State v. Legg
380 P.3d 360
Utah Ct. App.2016Background
- In 2011 John L. Legg Jr. pleaded guilty in two cases to possession of a dangerous weapon by a restricted person and aggravated assault with a deadly weapon; the court suspended concurrent 0–5 year sentences and placed him on 24 months’ probation with 180 days jail as a condition.
- AP&P alleged multiple probation violations shortly after his release; the district court found three violations, revoked probation, and ordered execution of the suspended sentences.
- On direct appeal (Legg I) this court affirmed one violation (failure to be cooperative/ truthful) but remanded two other findings (drug possession and failure to establish residence) for further explanation because the record was inadequate.
- On remand the State dropped the two remanded allegations and proceeded solely on the affirmed violation; the successor judge concluded that the single affirmed violation alone justified revocation and reinstated the original sentences.
- By the time this appeal was briefed Legg had served the reinstated sentences and was released, prompting the State’s argument that the appeal is moot; the district court’s revocation could not practically be undone.
Issues
| Issue | Plaintiff's Argument | Defendant's Argument | Held |
|---|---|---|---|
| Whether the appeal is moot | Legg: collateral consequences (record blemish affecting future PSR, plea offers, sentencing) keep controversy live; court should address mandate compliance | State: Legg has served reinstated sentences; vacating revocation would have no practical effect; collateral consequences not presumed for probation revocations | Court: Appeal is moot; Legg failed to show actual, non‑speculative collateral legal consequences applicable to a probation revocation |
| Whether prior decisions (Allen and Warner) permitting a presumption of collateral consequences for probation revocations remain good law | Legg: Allen and Warner correctly allowed presumption; should control | State: Allen and Warner were wrongly decided; collateral‑consequences presumption applies only to challenges to convictions | Court: Disavows the mootness holdings in Allen and Warner; follows precedent that presumes collateral consequences only for challenges to convictions, not for probation revocations |
Key Cases Cited
- Spencer v.

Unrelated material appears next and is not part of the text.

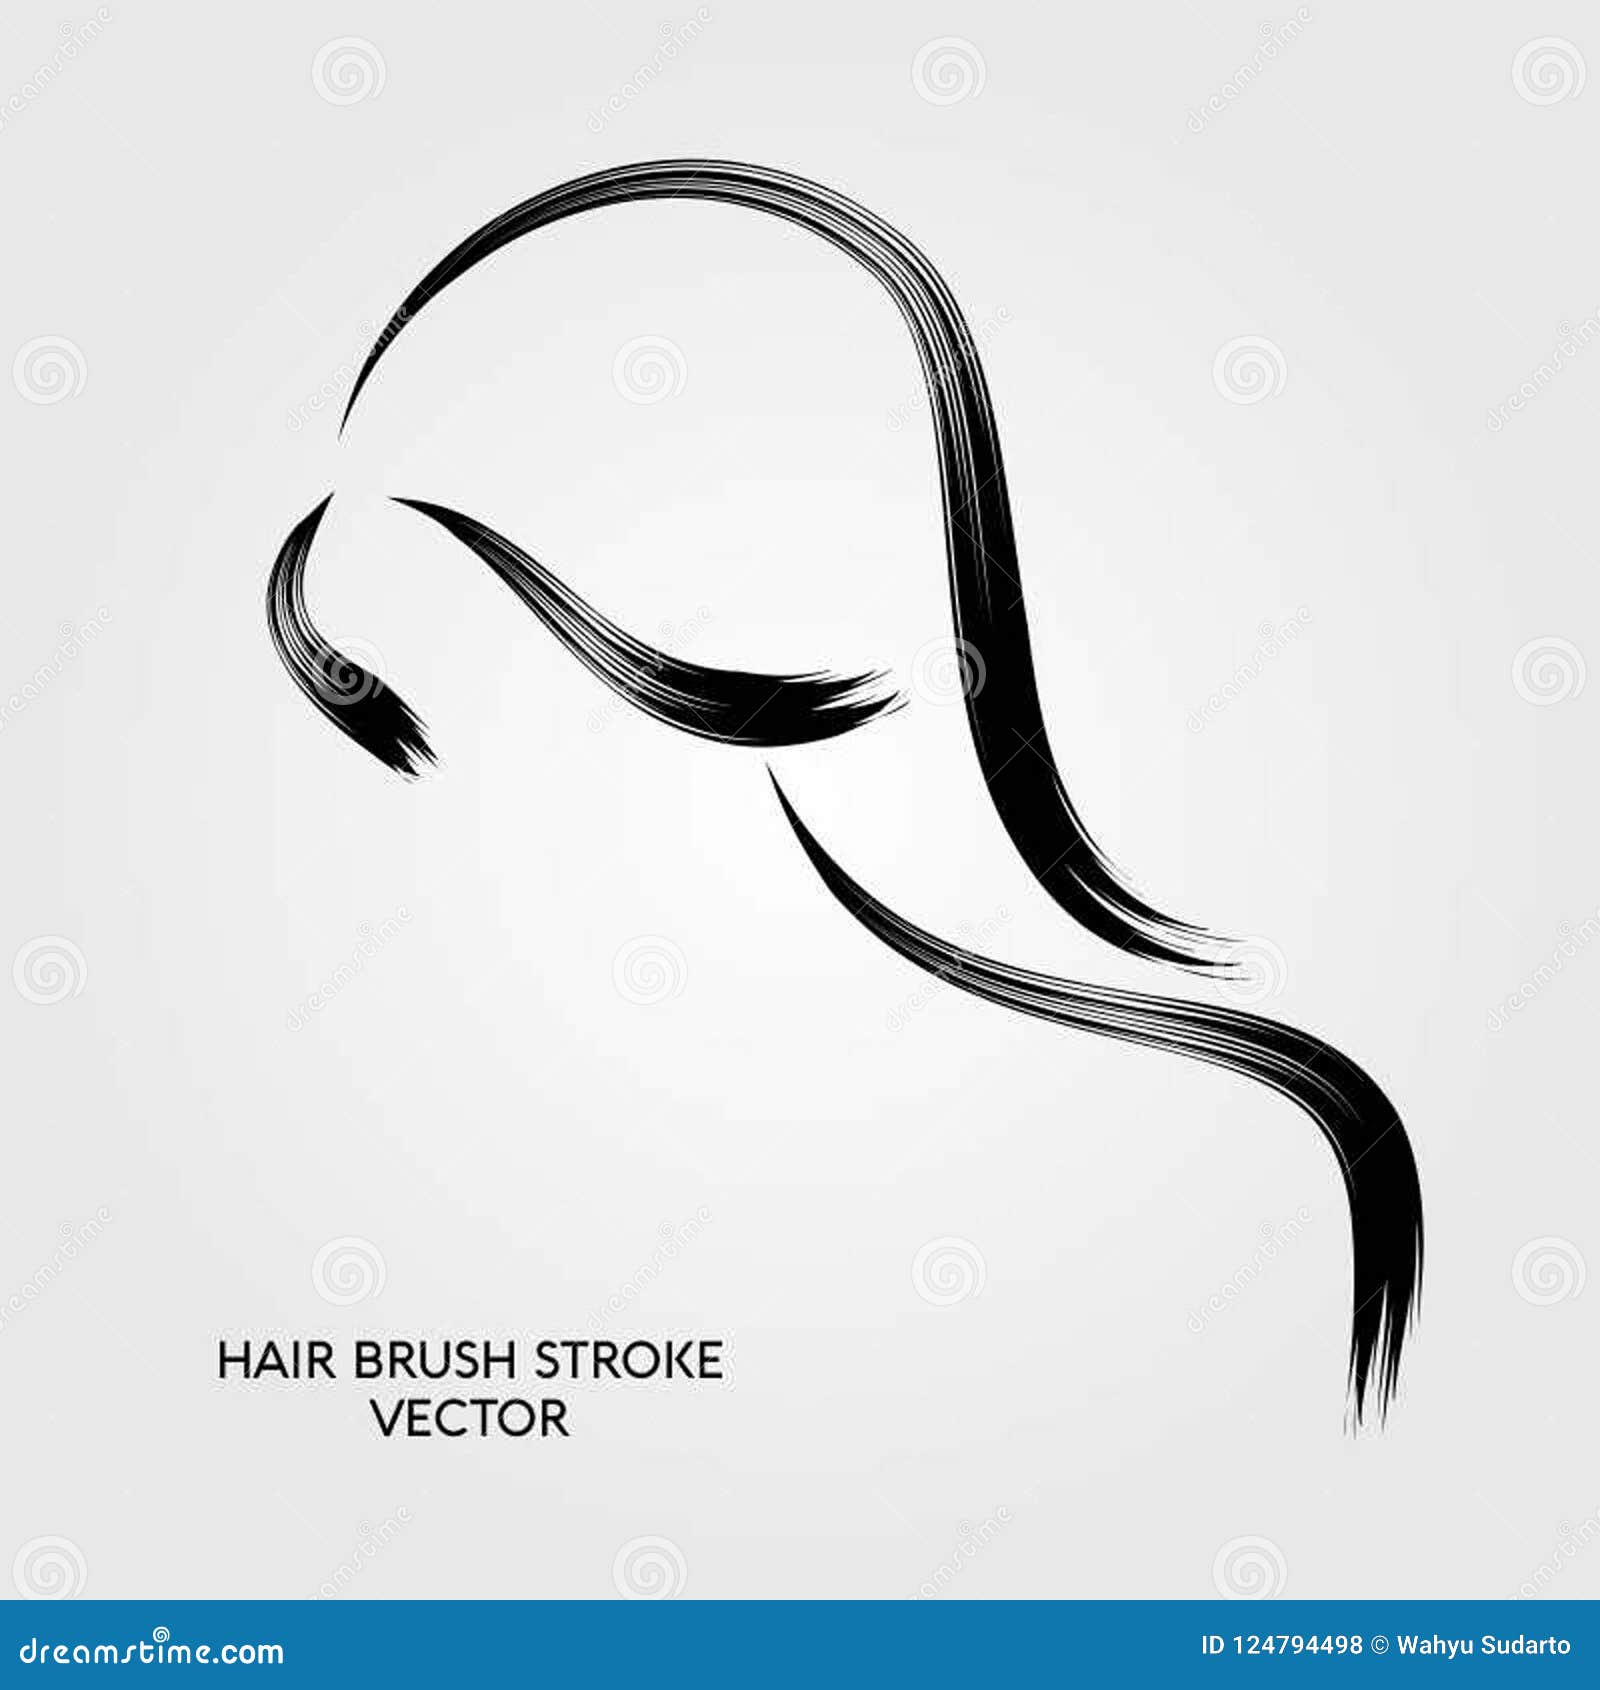 Line hair brush vector stock illustration. Illustration of business -  124794498
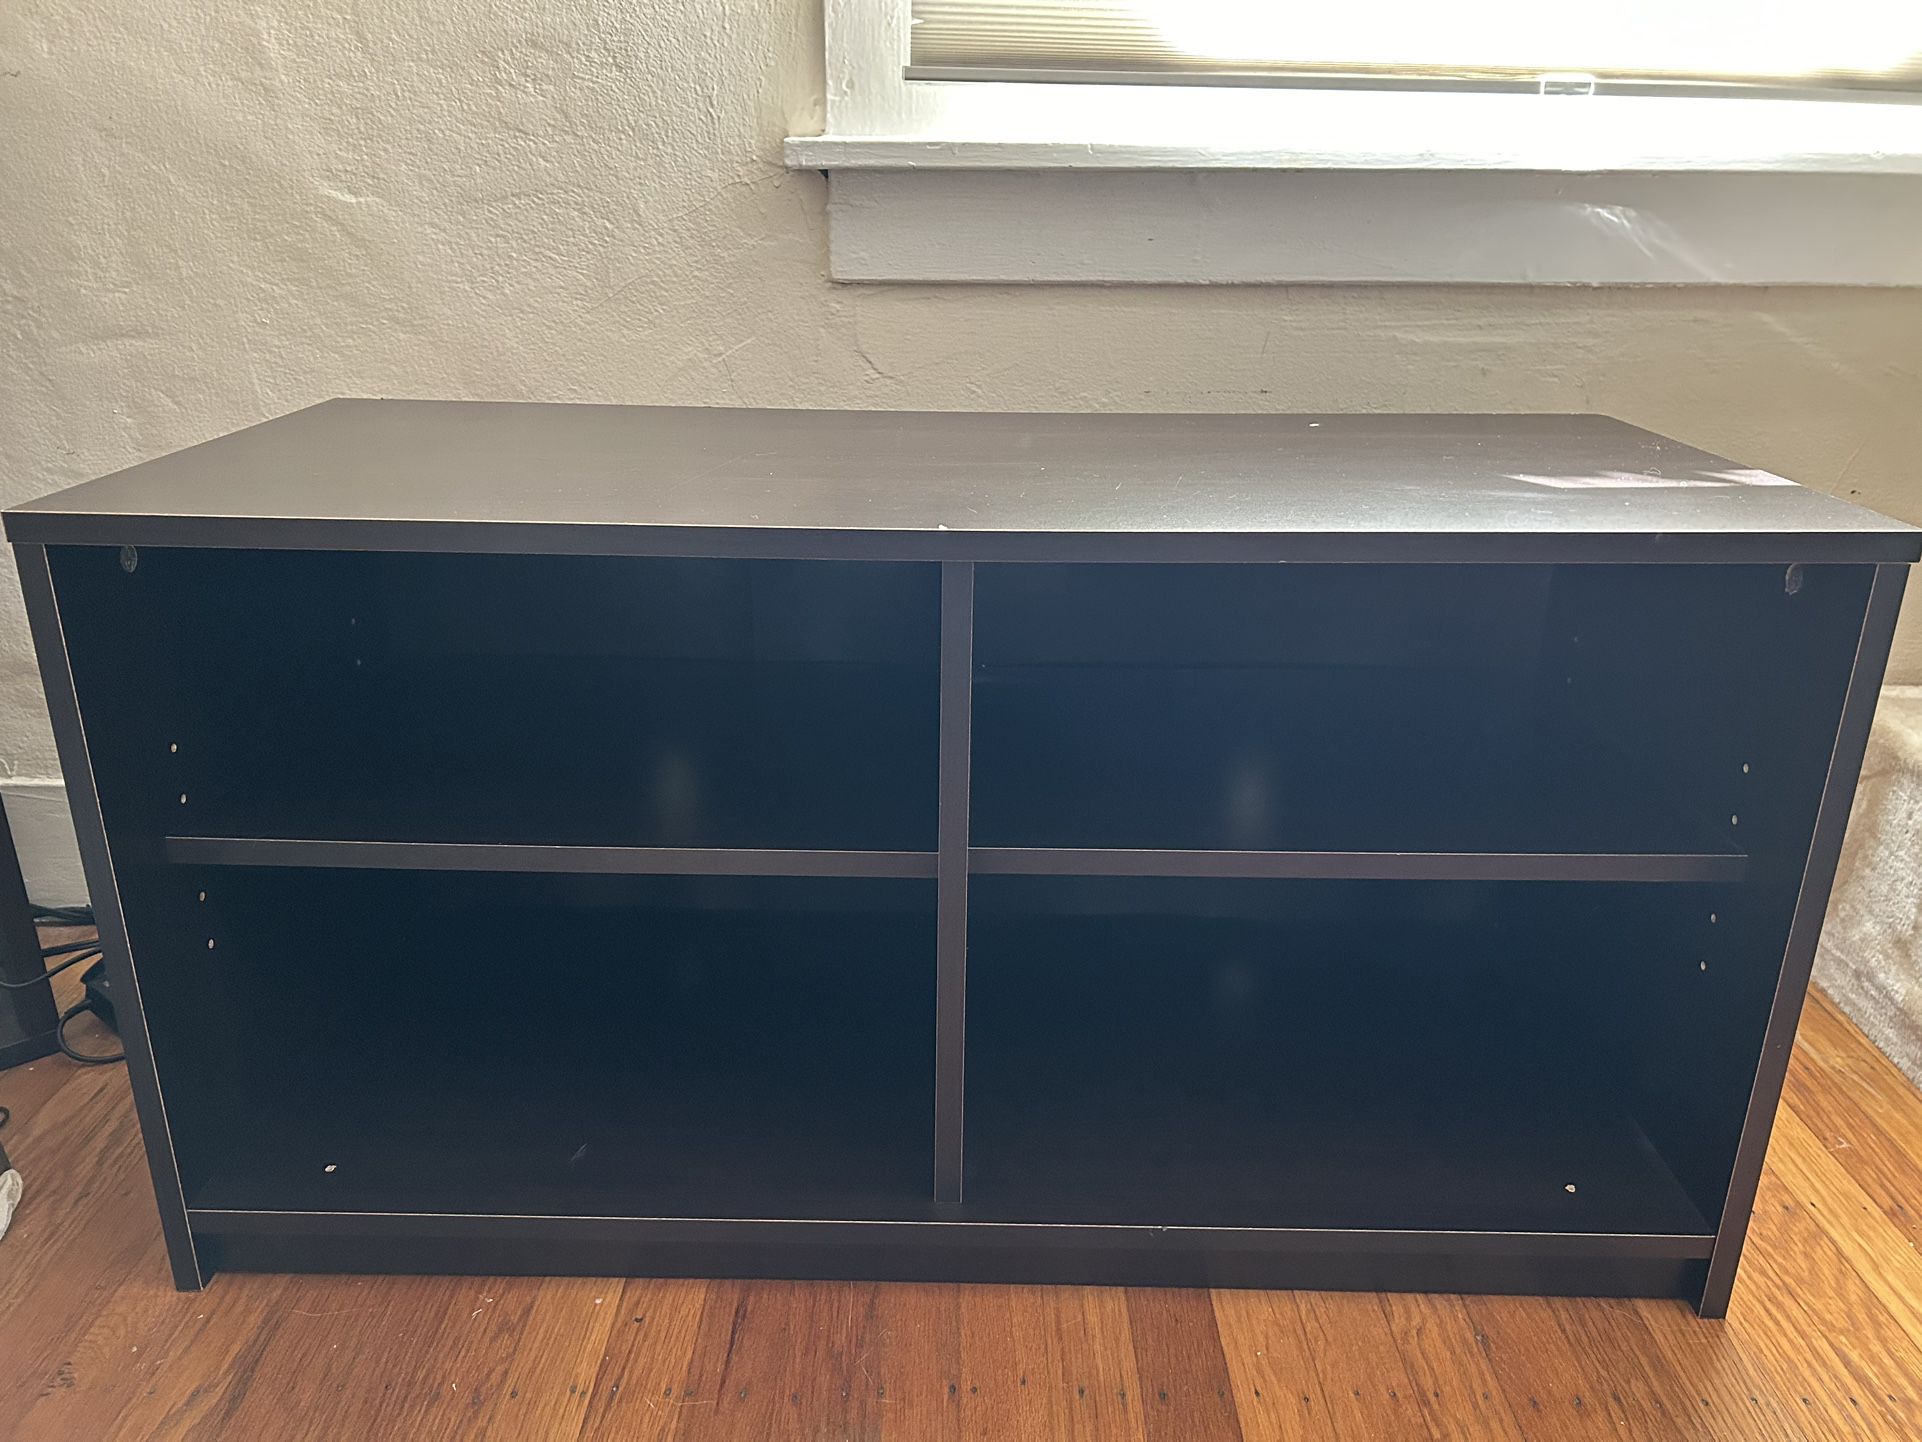 Wooden Shelf / TV Stand

Kemna, 523 U.S. 1 (1998) (collateral‑consequences doctrine requires a concrete, continuing injury beyond ended incarceration)
- Sibron v. New York, 392 U.S. 40 (1968) (discusses presumptive collateral consequences of convictions)
- North Carolina v. Rice, 404 U.S. 244 (1971) (survey of legal disabilities states may attach to convictions)
- Duran v. Morris, 635 P.2d 43 (Utah 1981) (Utah adopts Sibron; presumption of collateral consequences applies to convictions, not other administrative actions)
- Utah Transit Auth. v. Local 382 of the Amalgamated Transit Union, 289 P.3d 582 (Utah 2012) (mootness is jurisdictional and non‑discretionary)
- State v. Black, 355 P.3d 981 (Utah 2015) (appellate courts generally will not resolve moot issues)
- State v. Allen, 353 P.3d 1266 (Utah Ct. App. 2015) (previous panel presumed collateral consequences for probation revocation; disavowed here)
- State v. Warner, 347 P.3d 846 (Utah Ct. App. 2015) (previous panel presumed collateral consequences for probation revocation; disavowed here)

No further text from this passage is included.